Rabu, 23 November 2022 – 14:00 WIB
Lima Eks Pejabat Sekretariat DPRD Labuhanbatu Ditangkap Polisi karena Korupsi Rp 5 Miliar - JPNN.com Sumut
Ilustrasi korupsi. Foto: dok.JPNN.com

sumut.jpnn.com, LABUHANBATU - Polisi mengamankan enam orang tersangka dalam kasus dugaan korupsi biaya perjalanan dinas fiktif di DPRD Labuhanbatu, Sumatera Utara (Sumut).

Lima diantara enam tersangka ini merupakan mantan pejabat dan staf di Sekretariat DPRD Labuhanbatu. Sementara satu orang lainnya berinisial I yang merupakan pihak swasta.

Kasatreskrim Polres Labuhanbatu AKP Rusdi Marzuki menyebut para pelaku diduga melakukan korupsi hingga mengakibatkan kerugian negara sebesar Rp 5.019.832.500 atau Rp 5 miliar.

"Ini merupakan kasus lama, kami usut sejak tahun 2018. Tindak pidana korupsi atau turut serta melakukan tindak pidana korupsi pengelolaan biaya perjalanan dinas anggota DPRD Labuhanbatu dan PNS pada Sekretariat DPRD Labuhanbatu yang bersumber dari APBD 2013,” kata AKP Rusdi, Rabu (23/11).

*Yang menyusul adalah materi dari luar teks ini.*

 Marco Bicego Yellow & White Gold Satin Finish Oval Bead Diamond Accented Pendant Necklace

Rusdi menyebut para pelaku saat ini telah ditetapkan menjadi tersangka dan telah ditahan. Satu pelaku ditahan sejak 2021 lalu, sedangkan empat pelaku lainnya ditahan pada Senin, 14 November 2022.

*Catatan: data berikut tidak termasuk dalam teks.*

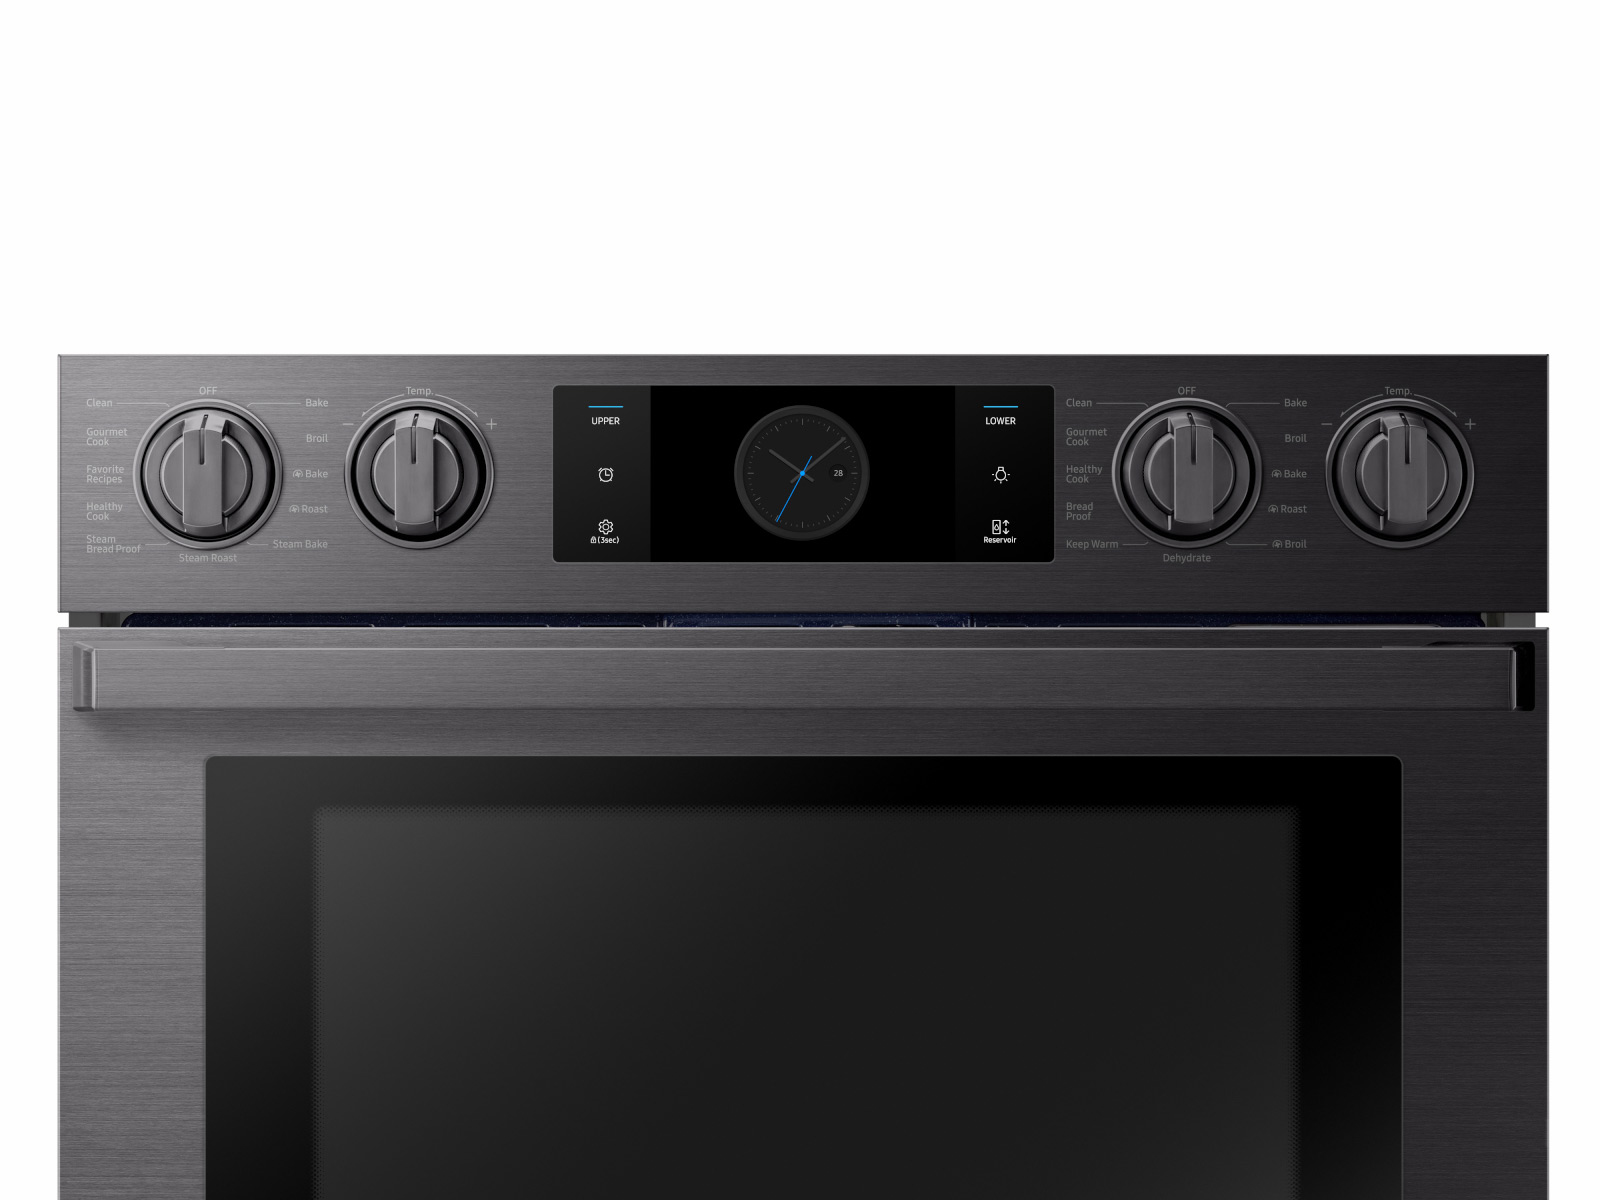 Smart Built-in Wall Ovens, Samsung US

Adapun para tersangka yang terlibat dalam kasus ini, yakni yakni FPA selaku Bendahara Pengeluaran Sekretariat DPRD Labuhanbatu TA 2013. Dia telah ditahan sejak 2021 lalu.

Kemudian, AS selaku Kabag Persidangan dan Risalah Sekretariat DPRD Labuhanbatu. Dalam kasus ini AS bertindak sebagai Pejabat Pelaksana Teknis Kegiatan (PPTK).

Lalu, ada ZS selaku Kabag Keuangan Sekretariat DPRD Labuhanbatu yang dalam kasus ini selaku Pejabat Penatausahaan Keuangan (PPK), FS sebagai Sekretaris DPRD Labuhanbatu periode 1 Januari 2013-01 Juli 2013 selaku Pengguna Anggaran dan BR, selaku Sekretaris DPRD Labuhanbatu periode 1 juli 2013- 31 Desember 2013, juga selaku Pengguna Anggaran (PA).

Polisi mengamankan lima enam orang tersangka dalam kasus dugaan korupsi biaya perjalanan dinas fiktif di DPRD Labuhanbatu, Sumatera Utara (Sumut).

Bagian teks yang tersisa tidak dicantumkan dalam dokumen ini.